You’re on a plane and there’s an announcement the pilot has taken ill – and that someone will have to volunteer to take control and then safely land the aircraft under instruction from ground control.
And you see me puffing out my chest as I make my way up the aisle with the steely-eyed determination of Bruce Willis at his trouble-shooting best.
At this stage it is imperative that you wrestle me to the floor before I get anywhere near the vast array of gizmos, buttons and levers.
I can say this with some authority, having spent a morning in the imaginary skies over London in the British Airways 787 Dreamliner simulator with Senior First Officer Paul McCaughrean.
In fairness to myself, when I did eventually get the plane back on the ground I managed to bring it to a complete standstill ... with more than a little help from Terminal 1.
Carnage would have ensued had anyone been foolhardy enough to let me take charge for real, and the travelling public can be eternally grateful I shall be flying nothing but my desk at the News Letter for the foreseeable future.
The hi-tech simulator was at Belfast City Airport on Thursday along with a team of experienced pilots.
Among them a number from various walks of life who gained their wings through the British Airways ‘Future Pilot’ programme.
Entry requirements for candidates aged 18-55 are three A-levels, at grades BBC or above, or a honours degree (2:2 or higher).
First Officer Nick Kerridge shares a cockpit with former computer programmers and many others who changed careers to land their dream job.

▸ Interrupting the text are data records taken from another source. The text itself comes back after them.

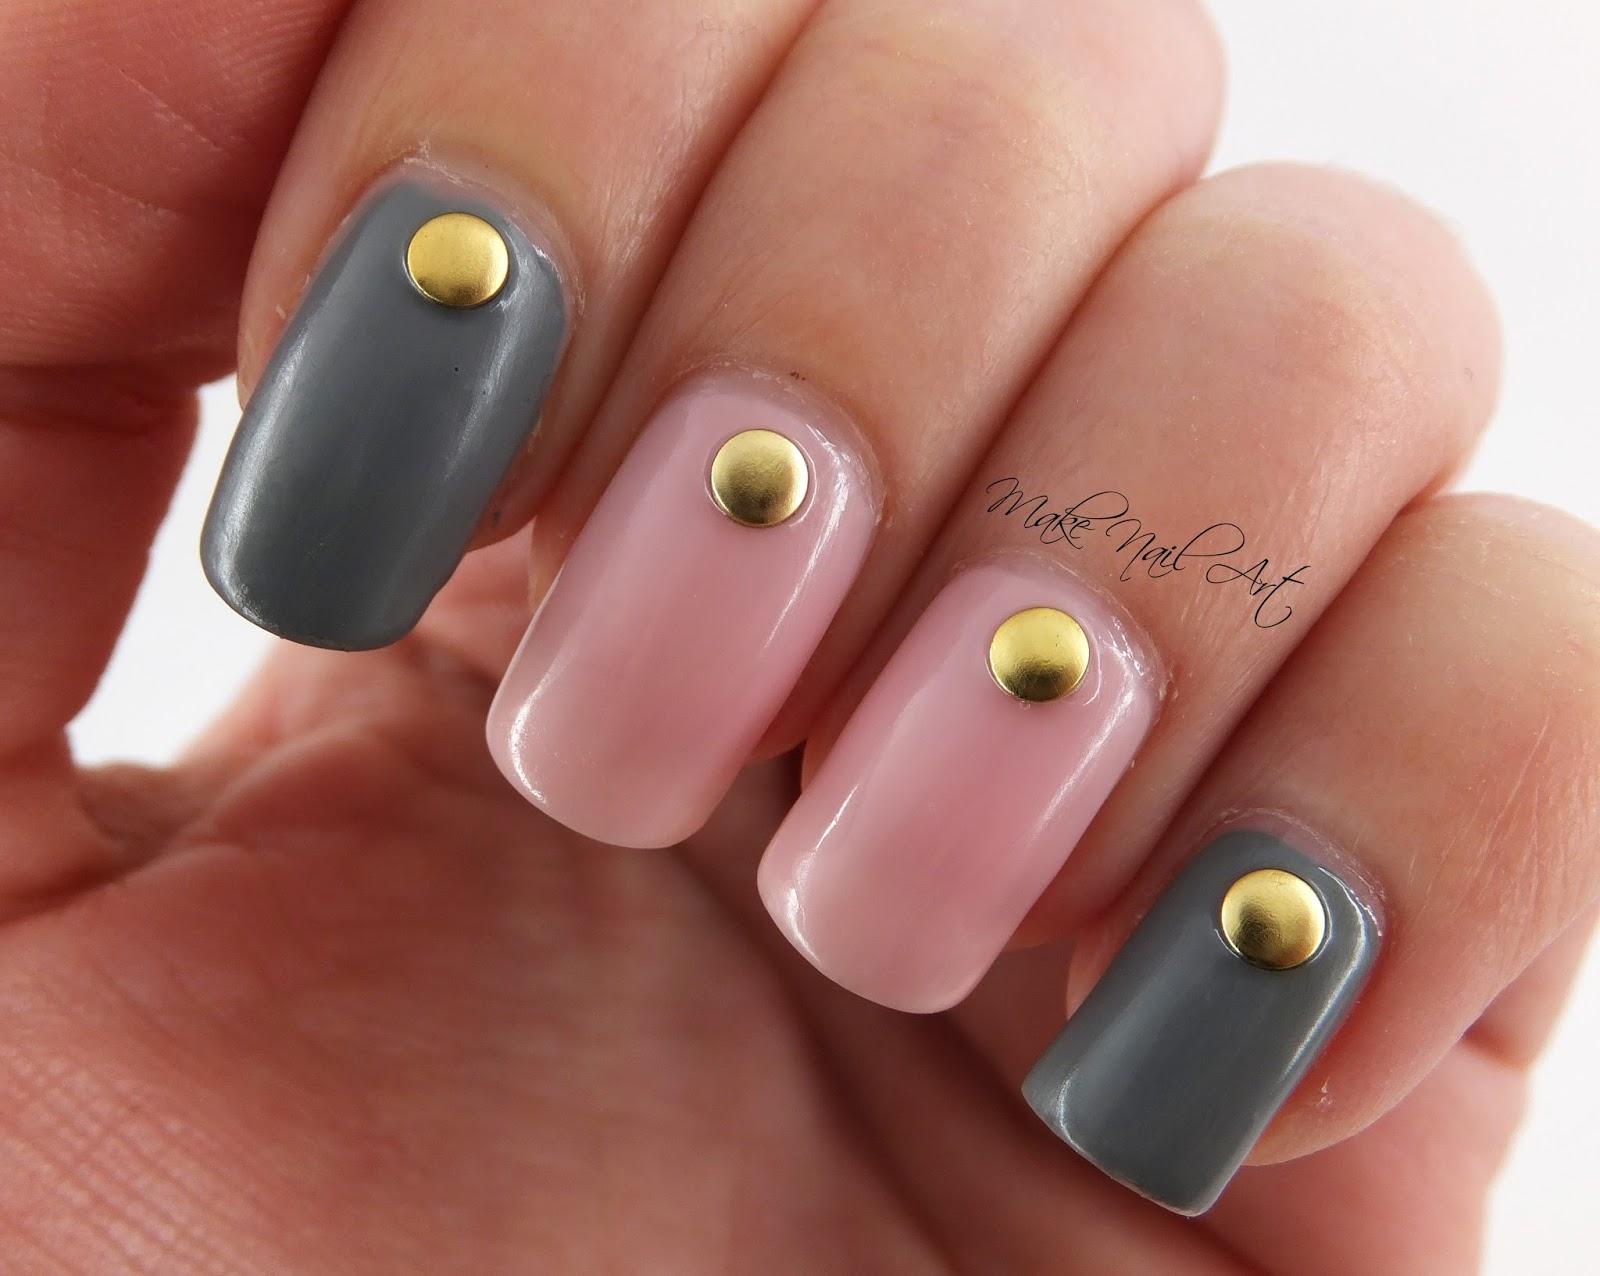 Make Nail Art Pink And Grey Nails Nail Art Design
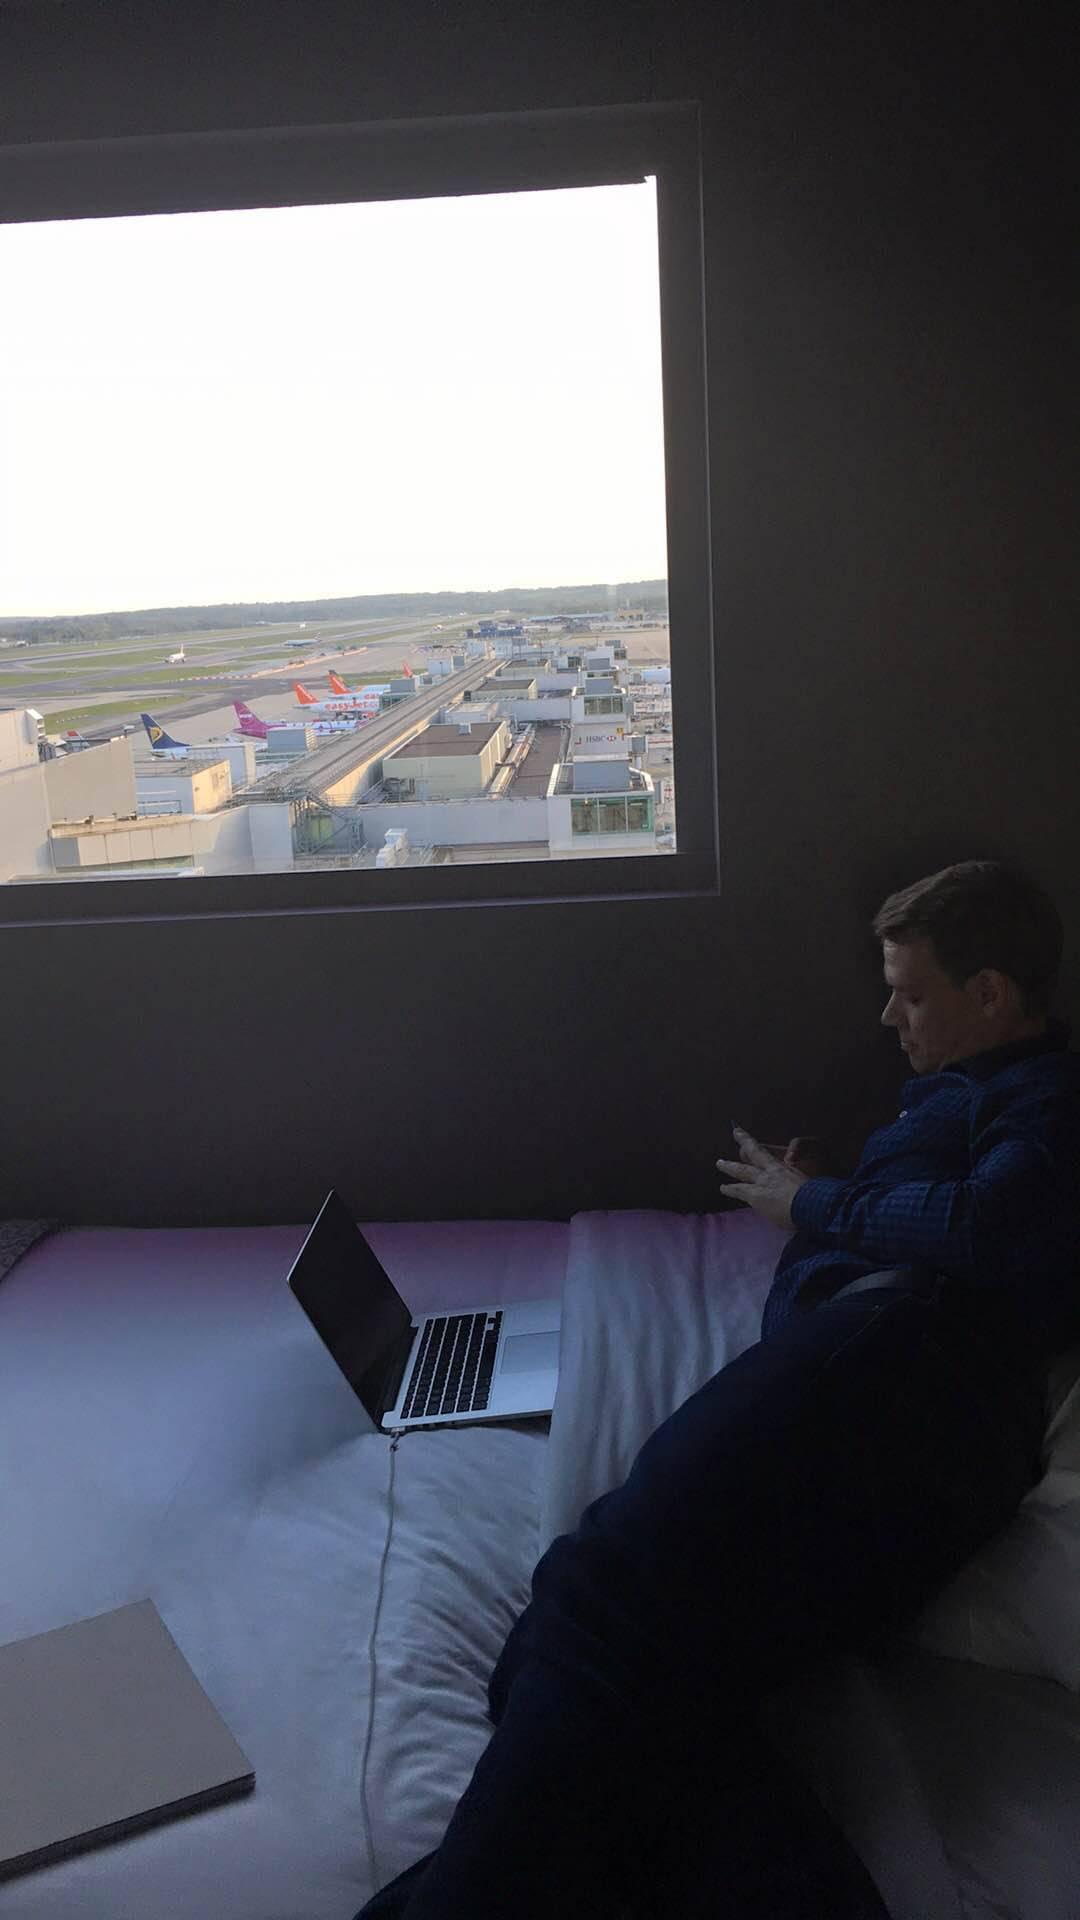 bloc-gatwick-airport-hotel-stefaniegrace-com
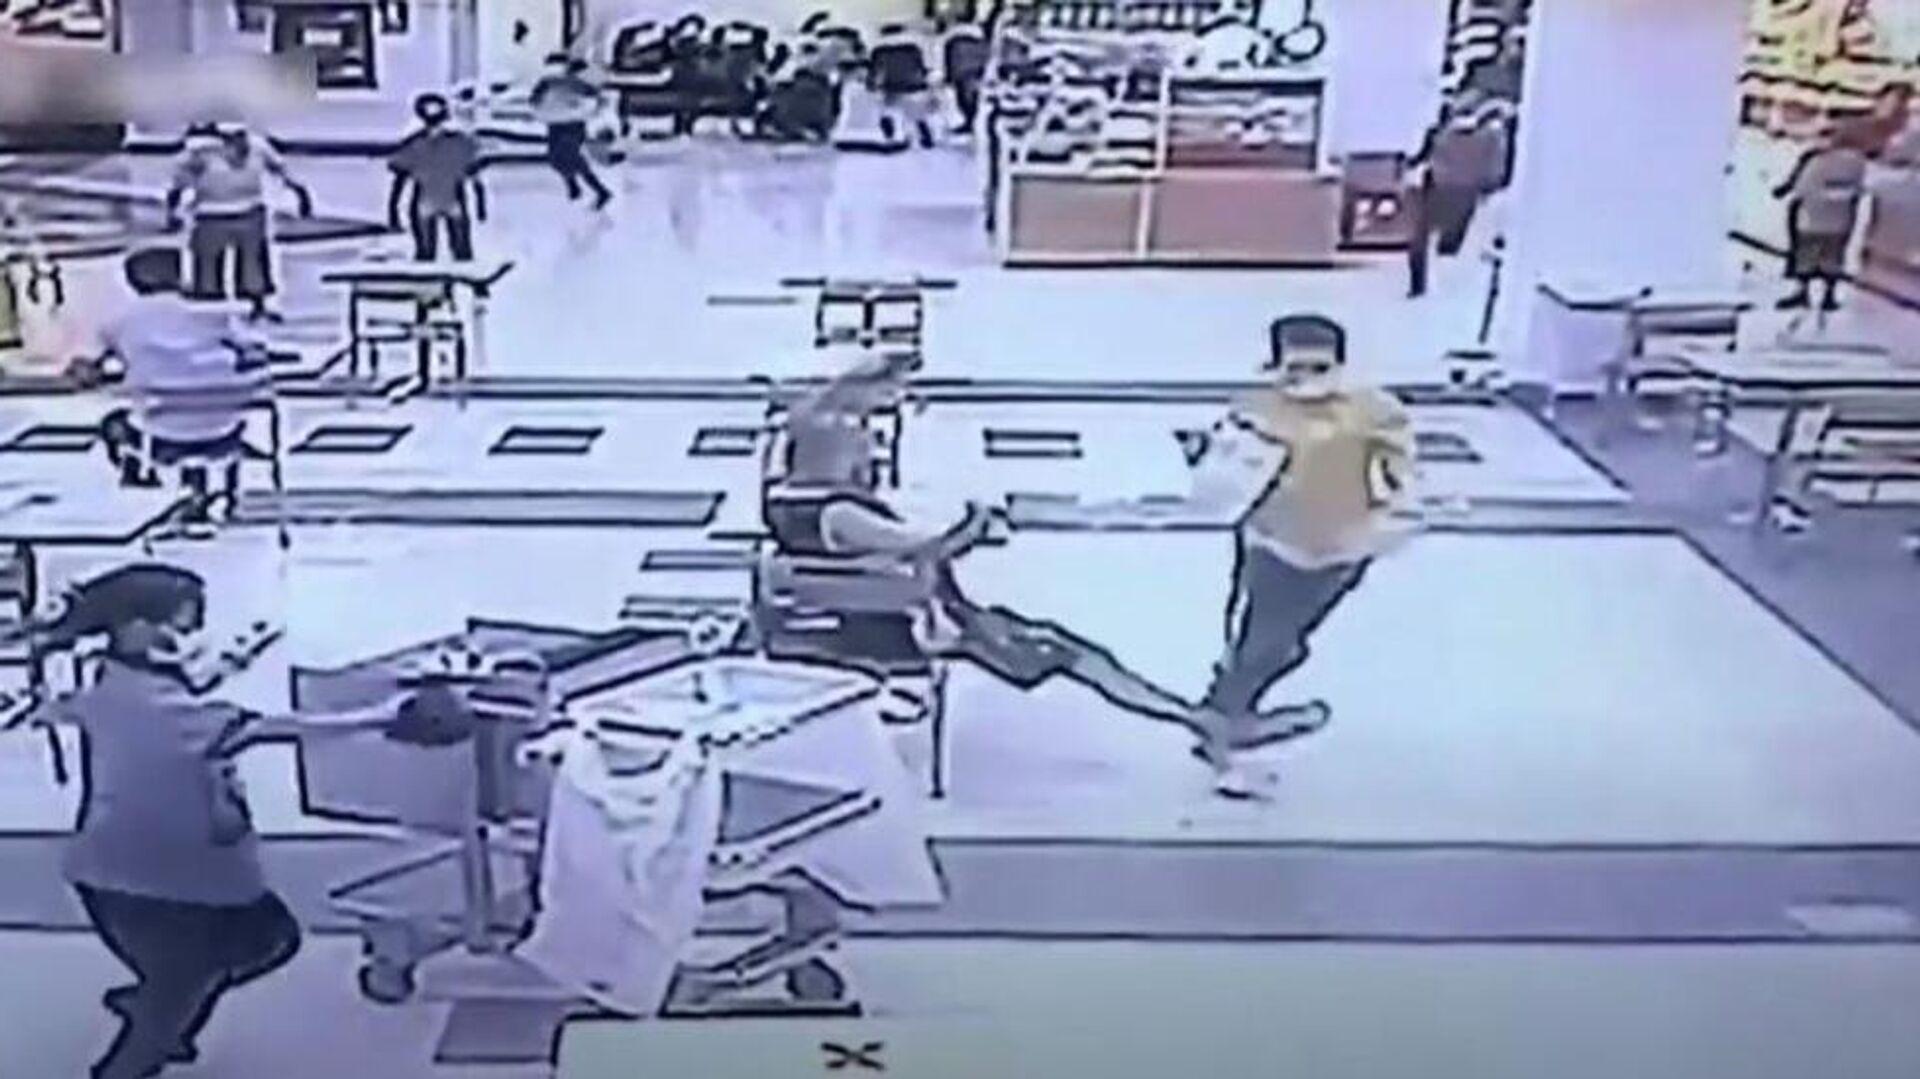 Πελάτης βάζει τρικλοποδιά σε ένοπλη λησταρχίνα σε εμπορικό κέντρο στην Ταϊλάνδη - Sputnik Ελλάδα, 1920, 16.09.2021

“There is no such thing as a ‘typical’ pilot. I work with people from all backgrounds, and all ages, including many who always harboured a dream to be a pilot but did nothing about it until later in life.”
The 35-year-old History graduate flies 747s for BA all over the world. He describes the modern pilot’s role as multi-functional.
“You obviously need a passion for flying but you also have to be a people person. At British Airways a pilot can find themselves in a terminal explaining to passengers what’s going on if there are delays.
“You do need aptitude but there are tests along the way to measure aptitude which are very accurate,” First Officer Kerridge added.
Trainees develop their skills at one of three centres in England and Spain.
If ultimately successful, they will progress to the airline’s state-of-the-art flight simulator at Heathrow – before taking the controls of an Airbus A320 for their first taste of the real thing.